▶ Prompt
Transcribe the data in full and exactly, omitting any pictures.

▶ Exercise data
========================

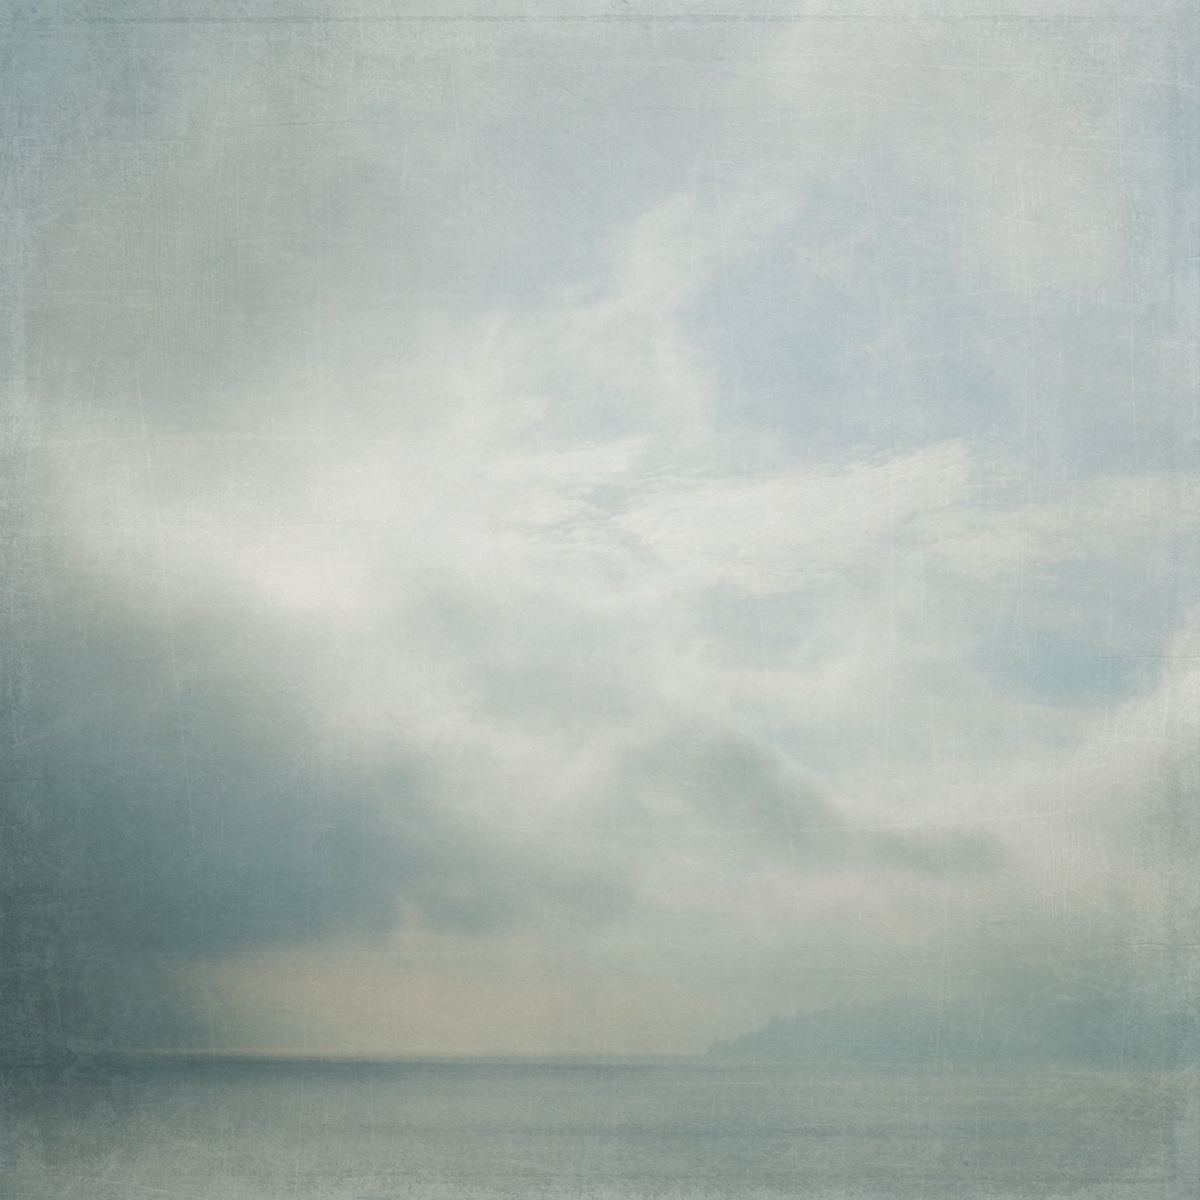 seascape misty cloudy atmospheric Puget Sound Colvos Passage Sally Banfill textured photos
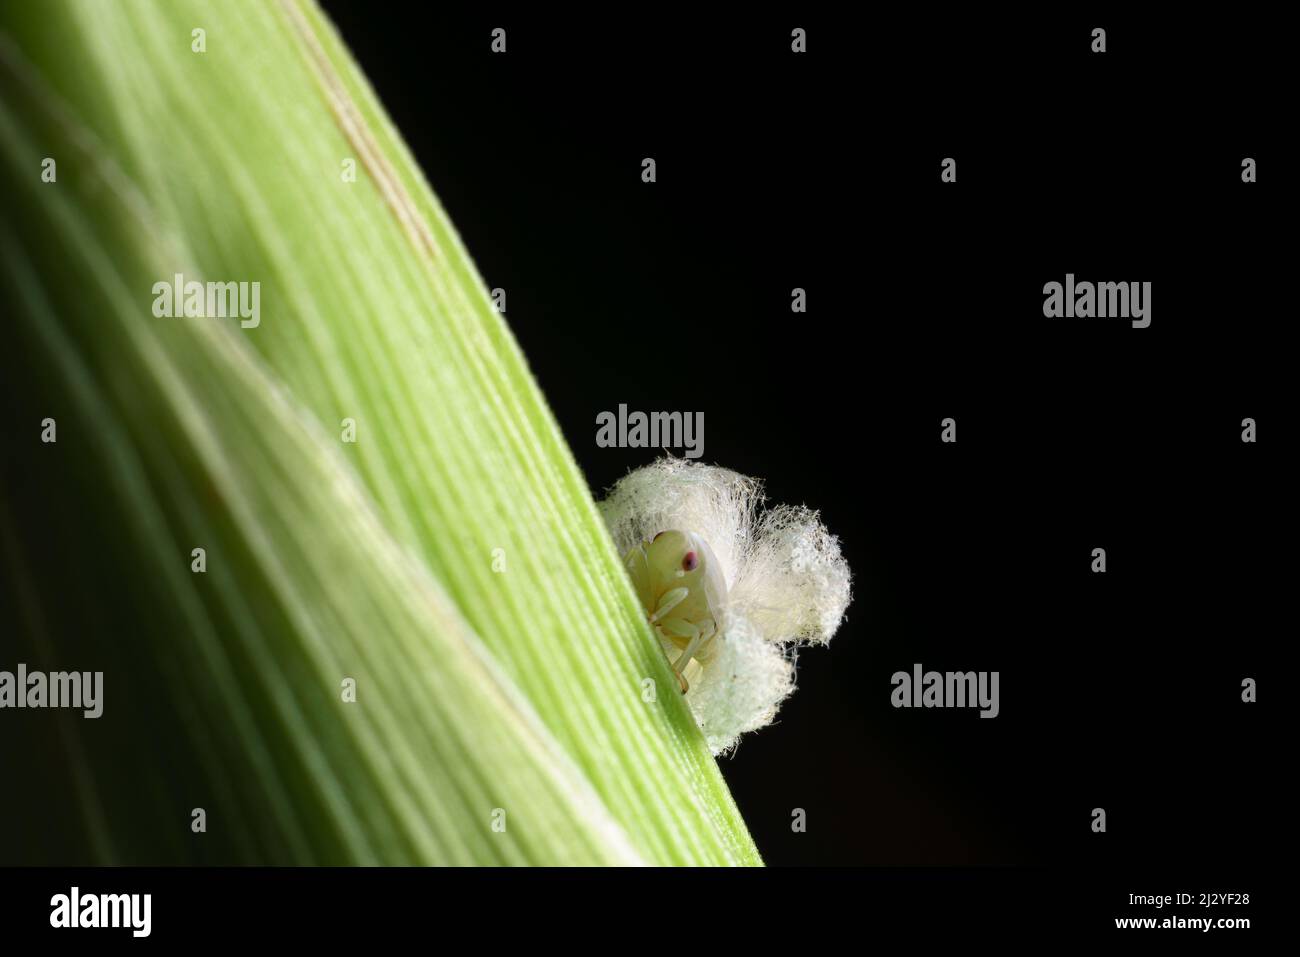 Extreme sharp and detailed portrait of Lawana conspersa at on a corn plant. Stock Photo
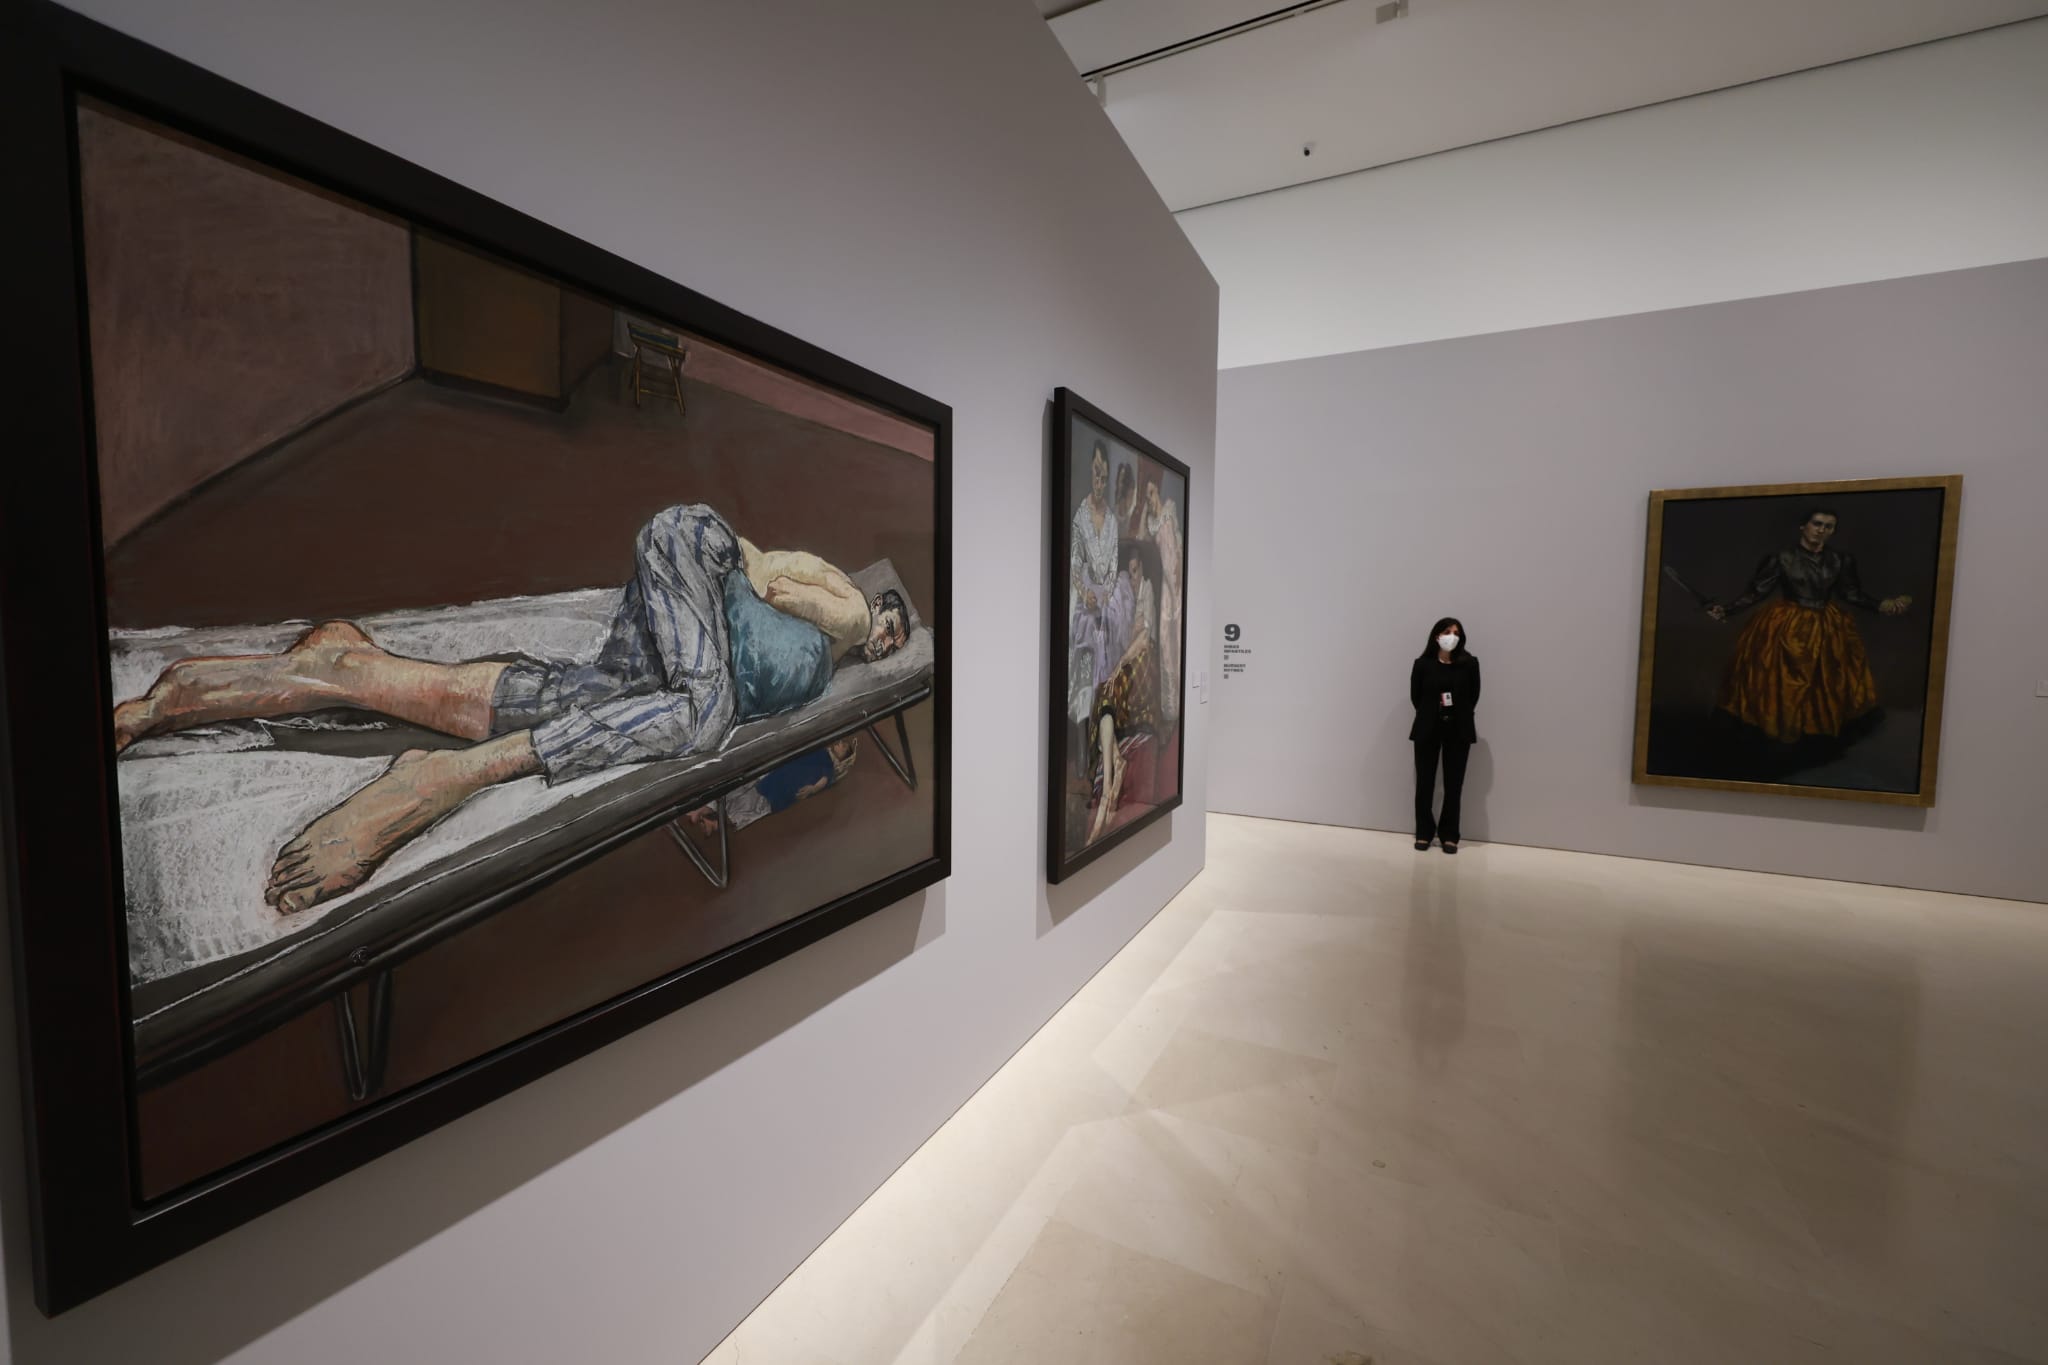 Work by Paula Rego is on display at the Malaga Picasso museum until 21 August 2022.

========================

▶ Exercise solution
 seascape misty cloudy atmospheric Puget Sound Colvos Passage Sally Banfill textured photos
 Extreme sharp and detailed portrait of Lawana conspersa at on a corn plant. Stock Photo
 Work by Paula Rego is on display at the Malaga Picasso museum until 21 August 2022.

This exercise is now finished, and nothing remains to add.